I needed a break from the watery intensity of Woolf, so jumped into a different book and immersed myself in Swimming Studies. A day later I feel refreshed by the pools so beautifully described by Leanne Shapton, and am ready to return to Woolf's rivers, waves, and seas.
This is an elegant, lightly lyrical, carefully written account of LS's years of training and competitive swimming interwoven with memories and digressions and descriptions of recent visits to pools (she compiles an enviable list of pools-I-have-swum-in). Leanne Shapton is an artist as well as a writer, and manages successfully to break many bookish conventions here by including a range of different visual and written elements, such as the central section containing a catalogue of her collection of swimming costumes.
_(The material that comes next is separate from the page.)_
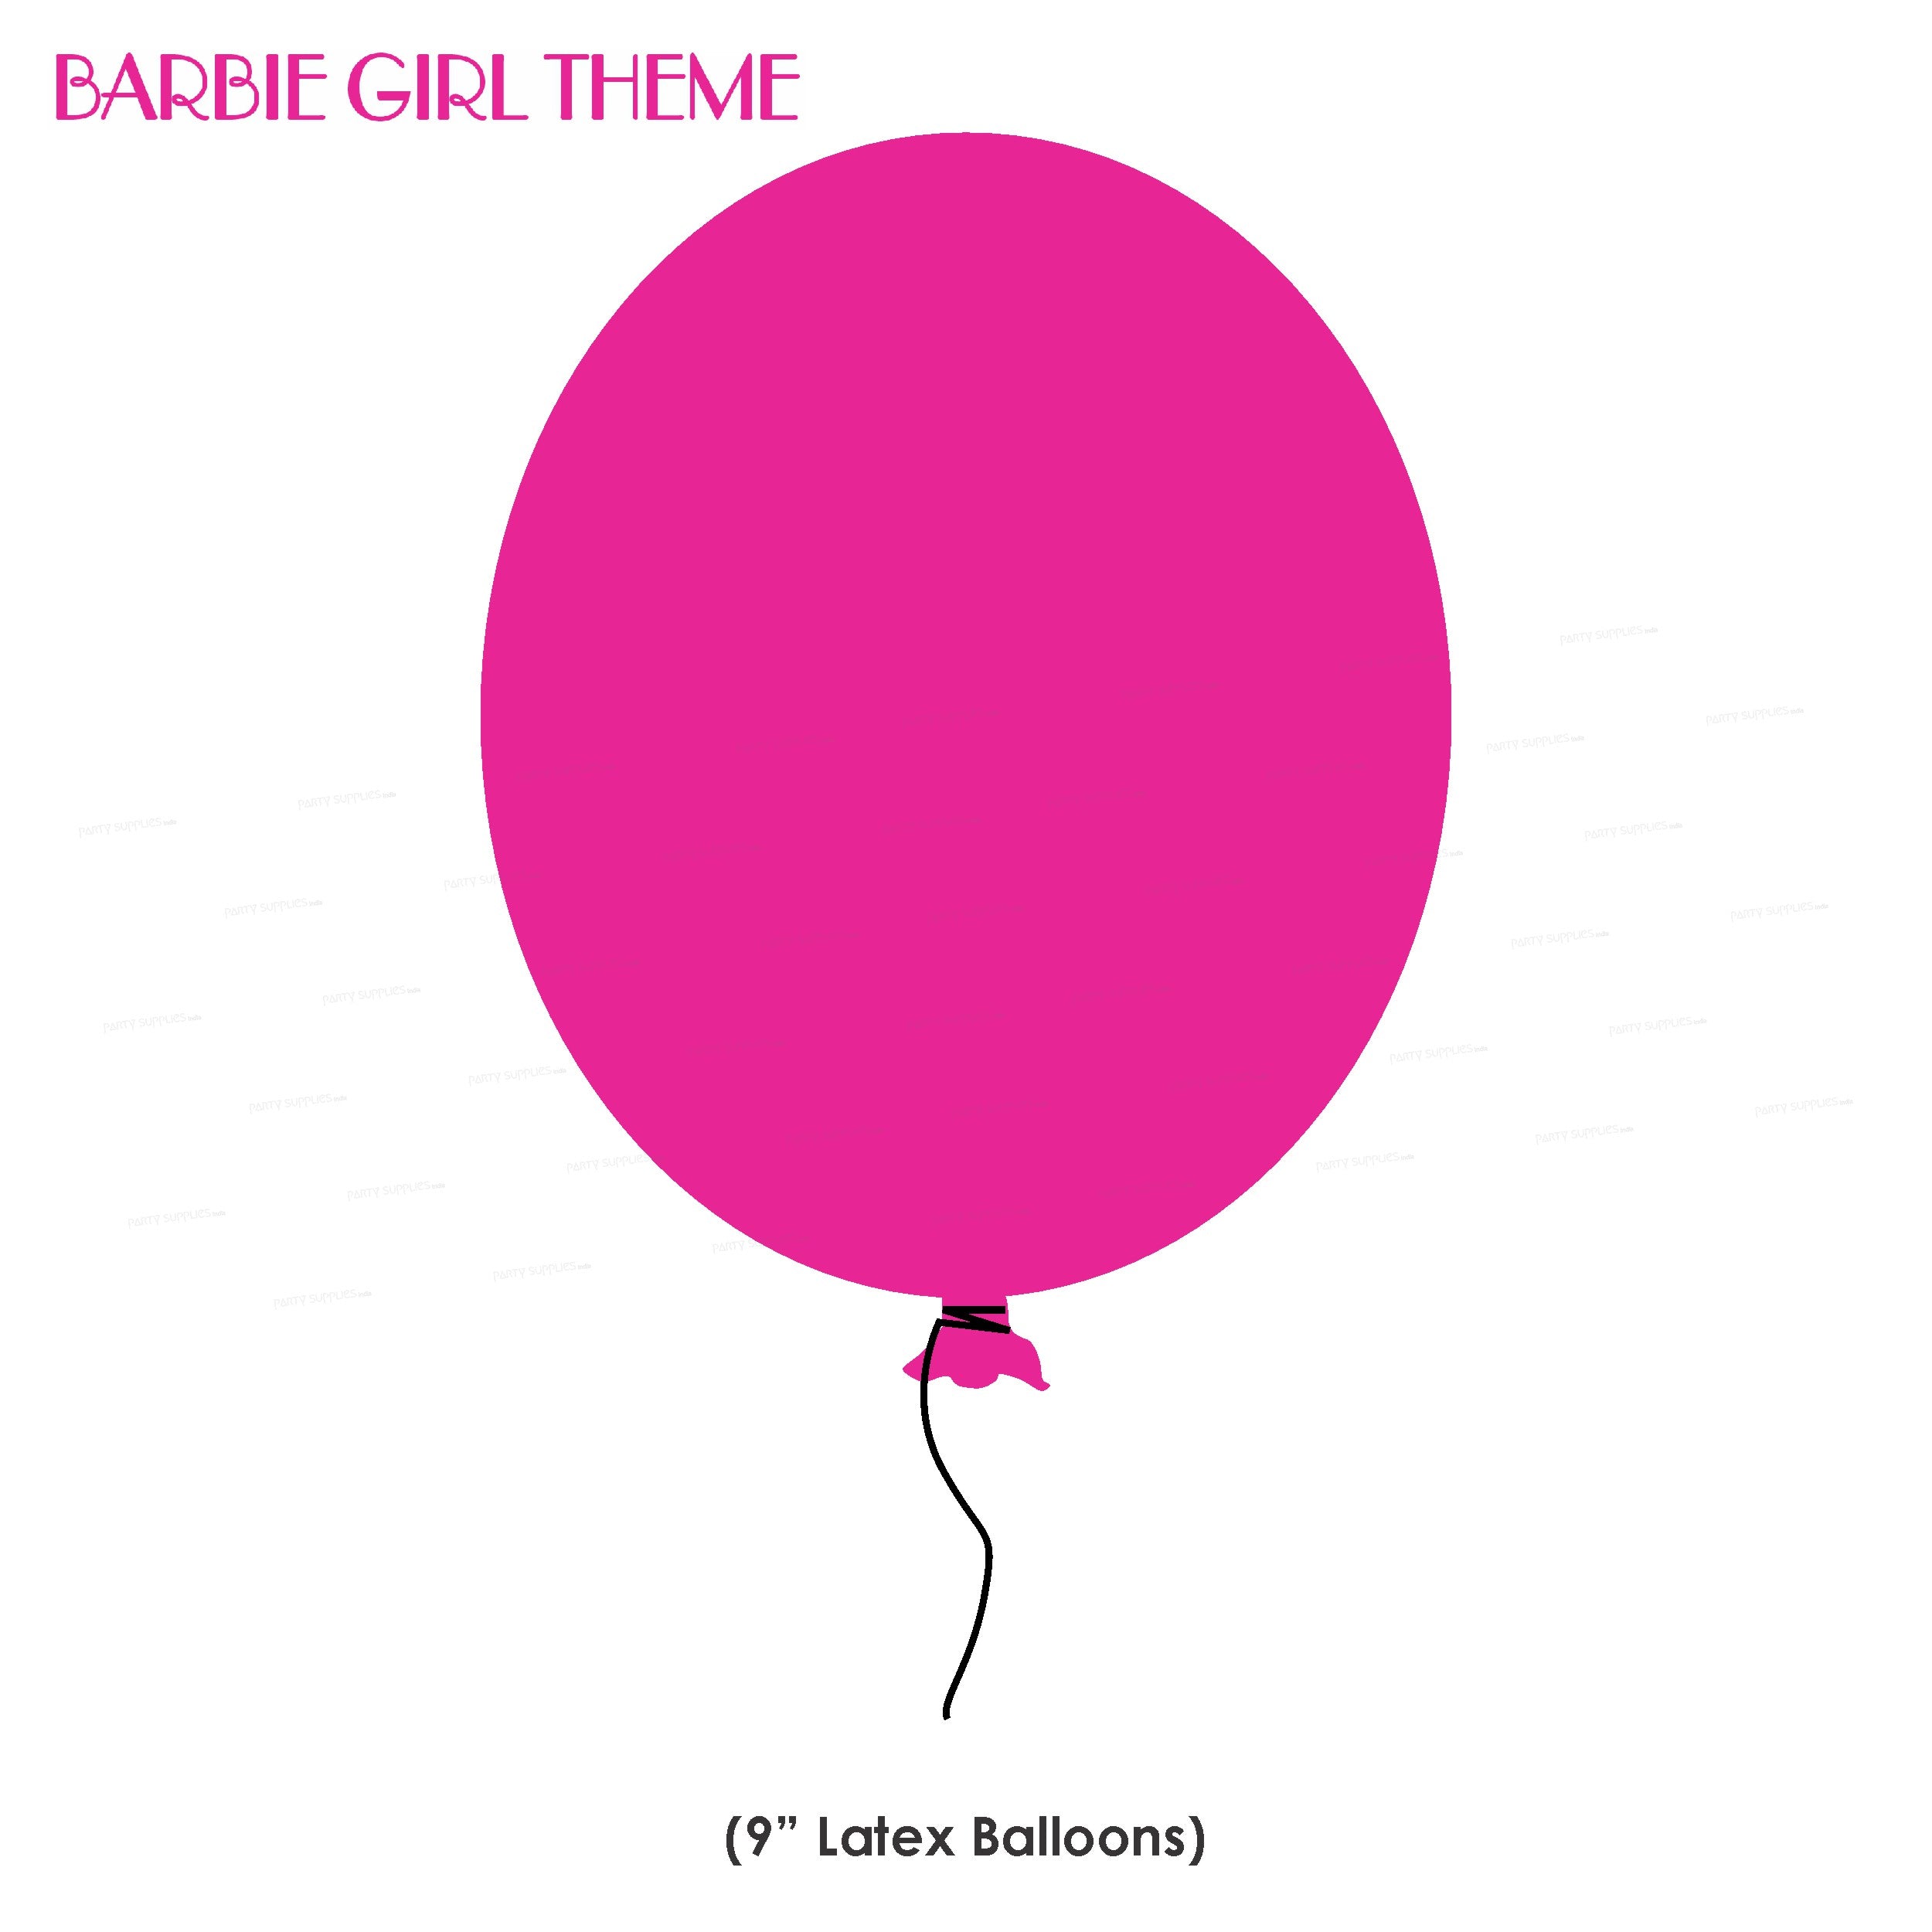 PSI Barbie Theme Colour 60 Pcs. Balloons

Although this and the highly stylised, almost abstract watercolours of pools, smells, and swimmers may appear at first glance a little precious, they are part of her style, and are what makes the book so original and personal. I admit I like this sort of creative rule-bending approach to the printed book; I also loved her earlier book which played with imaginative ways of telling stories.
Swimming Studies is now on my list of favourite wet books, along with Waterlog by Roger Deakin, The Haunts of the Black Masseur by Charles Sprawson, and a book that is too often overlooked: Swimming the Channel; A Memoir of Love and Loss by Sally Friedman.